Чем глубже становился их поцелуй, тем разительнее менялось положение тел. Чувствуя, что Ника снова расслабляется, Сергей ослабил тиски. И она, оглаживая его лицо, шею и плечи руками, обернула вокруг его бедер ноги.
Градский плохо запомнил момент, когда приблизил к ее нежному жаркому входу свой член. Собрав густую влагу, протолкнул в нее на пробу одну головку.

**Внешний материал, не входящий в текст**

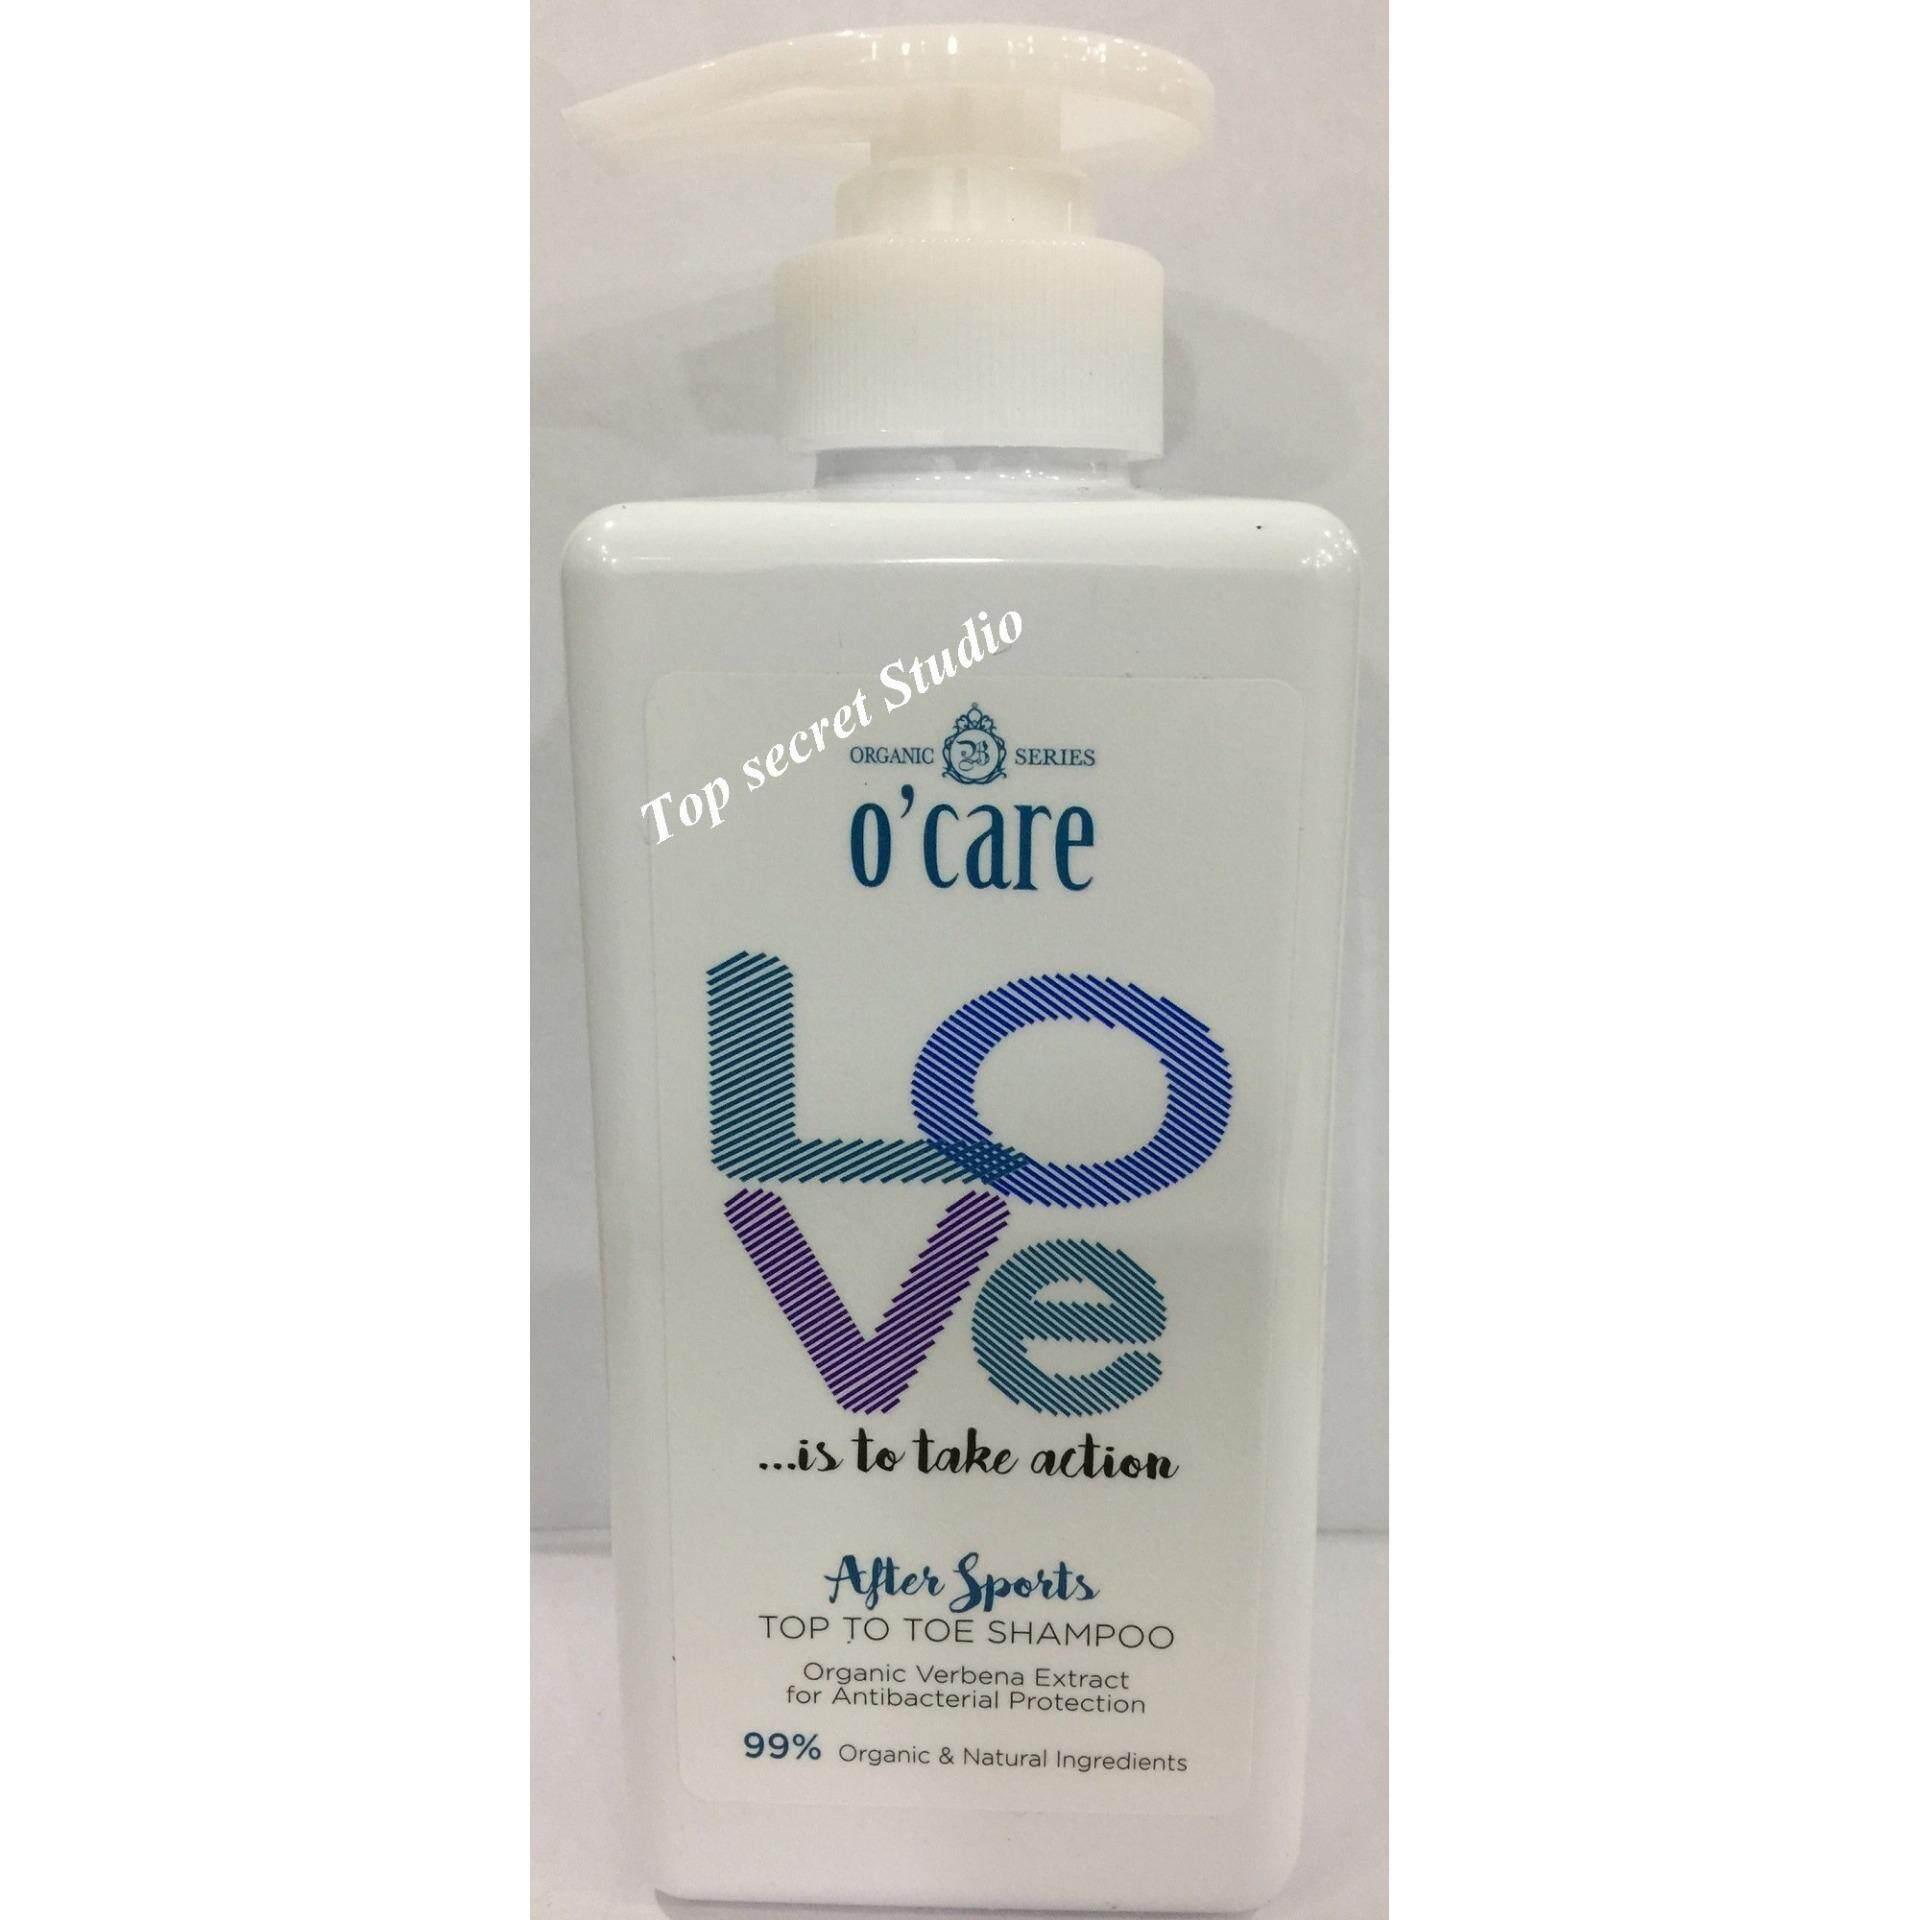 O'Care Love After Sports Top To Toe Shampoo - 500ml

Растягивал. Смаковал. Кусая припухшие губы своей Плюшки, не позволял ей отвести взгляд.
— Не сжимайся… так сильно, — скомандовал сиплым и отрывистым полушепотом. — Давай ноги выше и пошире… Черт, какая же ты… тугая и горячая…
Доминика подчинилась и раскрылась, но, как ни странно, процесс вхождение не стал легче. Мучительное наслаждение. И то, что первое в словосочетании, аккурат в тот миг, было сильнее. Проталкивался, на ходу выхватывая ослепляющий звездопад перед глазами.
Скачок давления, как в четвертом реакторе Чернобыля.
Стремительный обвал удовольствия, словно снежная лавина.
Жарко до выступающей испарины и вместе с тем холодно до дрожи.
Отстраненно слышал, как дыхание Ники перешло на высокое частое всхлипывание, но, действуя на звериных инстинктах, вогнал до самого конца, упираясь пахом в ее лобок. И вот тогда-то она дернулась под ним уже чересчур болезненно и закричала, впиваясь ногтями в его окаменевшие плечи.
До последнего отталкивая очевидное и логическое объяснение ее и своим ощущениям, подавшись назад, выскользнул из нее. Слегка приподнявшись, скосил взгляд вниз.
— Что за… твою мать… что за… мать твою… Ника… твою мать…
Когда первоначальный момент шока прошел, грудь разорвали уже совершенно другие эмоции.
Разнесло изнутри. На куски разбросало.
За секунды все, что успело сформироваться в, казалось бы, четкую картину мира, разрушилось. Противоречивые ощущения вытолкнули наружу то, что Градский пытался держать за замками.
Замер над девушкой на вытянутых руках. Неотрывно пытал ее взглядом. Старался понять, как она все это провернула? Зачем? Мыслей рой, а озвучить что-то не получалось. Да и что в такой ситуации спросишь?
"Что же ты, бл*дь, наделала???"
Нет. Это потом.
А в момент, когда она отдала ему свою девственность, взглядом требовал, чтобы и Доминика молчала.
"Замри и смотри в глаза".
Словами бы вышла очередная ложь, глазами — не получится.
Накаленные секунды духовного откровения. Нашел внутри нее все ответы.
29.4
Вдыхая его тяжелое прерывистое дыхание, Доминика инстинктивно подчинялась всем требованиям Градского. Неотрывно смотрела в его темные бездонные глаза. Видела в них свое отражение. Мечтала остаться там навсегда. Если бы можно было… Если бы в жизни все происходило так, как хочется…
Свисающий с его шеи серебряный крестик раскачивался над ней и косвенно напоминал, что все это временно. А проклятая живучая любовь отчаянно билась в ребра, требуя выхода на бис. Истерзанная, глупая мученица!
"Когда же ты, в конце концов, подохнешь?"
Затаив дыхание, наблюдала за тем, как Град медленно наклоняется. Задрожала от разрывающих грудь эмоций, когда он с той же неторопливостью, словно намеренно, себя и ее мучая, прикоснулся губами к ее приоткрытому рту.
Поцелуи — сладкая, но верная смерть. Думала, получится без них. Но нет же, сломал Градский сопротивление. Всполошил всех мурашек и бабочек. Более того, пробудил что-то похуже — странное голодное существо, которое по каким-то причинам подчинялось исключительно ему.
Больше не смела противиться. Понимала, что не позволит: не отпустит, домучает, выжмет по максимуму.
Скользя языком по ее губам, проник в рот, захватывая власть с каким-то вкрадчивым и осторожным напором. Доводя своими ласками до безумия, дождался ее несдержанного отклика. Забилась под ним. Заметалась. Сама стала ластиться и с упоением тереться об него.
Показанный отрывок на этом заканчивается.